In the beginning, sensors were developed for automotive safety systems, like the airbag. Thanks to new, cost-efficient fabrication methods and miniaturization, new areas of application in consumer electronics have been added: sensors are now also found in cell phones, gaming consoles, and laptops.

Unlimited Applications
The acceleration sensor enables an easier use of a cell phone: a display switches from horizontal to vertical when tilting the phone, the cell phone mutes when placing it upside down. More and more use cases are imaginable.

Using sensors, ‘electronic sense organs’, by which technological devices perceive their environment, mobile devices can react more and more intelligently to human demands.

MEMS sensors by Bosch Sensortec simplify the control of battery-operated consumer products and make it more intuitive. The spectrum of applications is enormous:

• mobile telephones and PDAs
• wearable music players
• electronic games
• sport and outdoor activities
• photo and video players
• mobile computing
• healthcare and security applications
• white goods
• logistics and transport monitoring.

Microsystem Technology as the key to high-performance sensors
Micromechanics is basically derived from modern semiconductor technology. The goal here is to use procedures from micro-electronics and other key processes to produce tiny, moveable mechanical components that execute functions, such as sensors that measure precise pressure or acceleration, printer heads of inkjet printers that produce clean writing on paper, or devices that monitor the physical activity of people with cardiac diseases.

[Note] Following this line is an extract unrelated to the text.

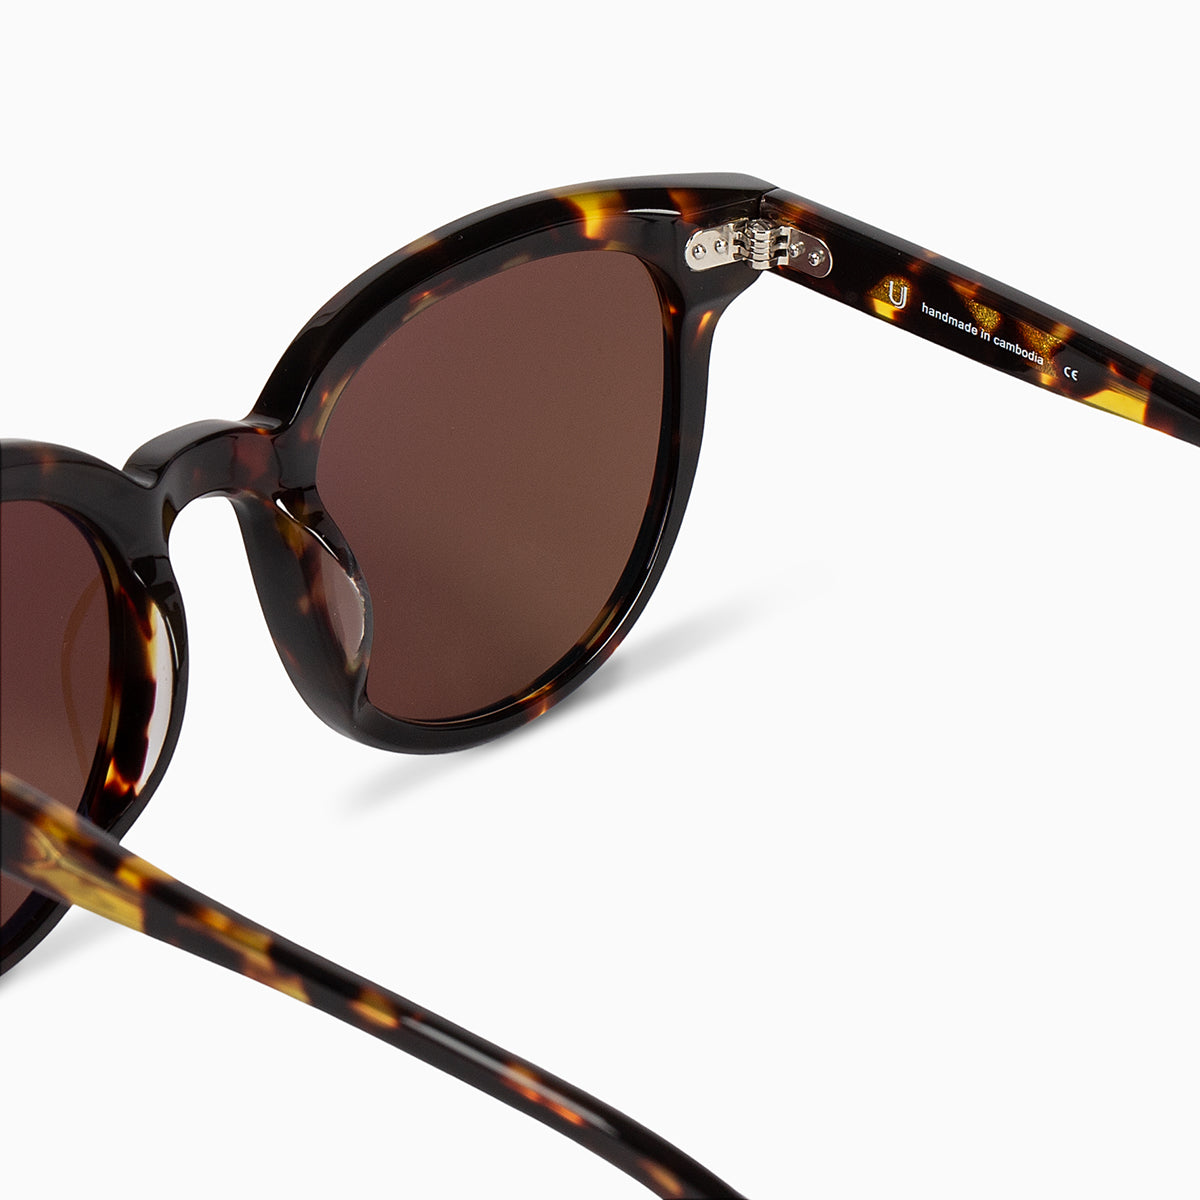 Classic Round Sunglasses in Dark Brown

Bosch engineers developed processes for surface micromechanics. The structures and components are built on the surface of a silicone slice and then, unlike other processes, extremely thick crystalline silicone layers are built up. With the new processes, very fine structures with vertical walls are created in the thick silicone layers that are applied. They in turn produce the moveable masses and freely vibrating spring elements and engrave precisely measured vacuum chambers in the applied silicone.

Additionally, they combine the sensors with electronic evaluation circuits and seal off their elements from environmental influences with a razor-thin layer in the smallest possible space. This is all on a scale of thousandths of millimetres, substantially finer than a human hair.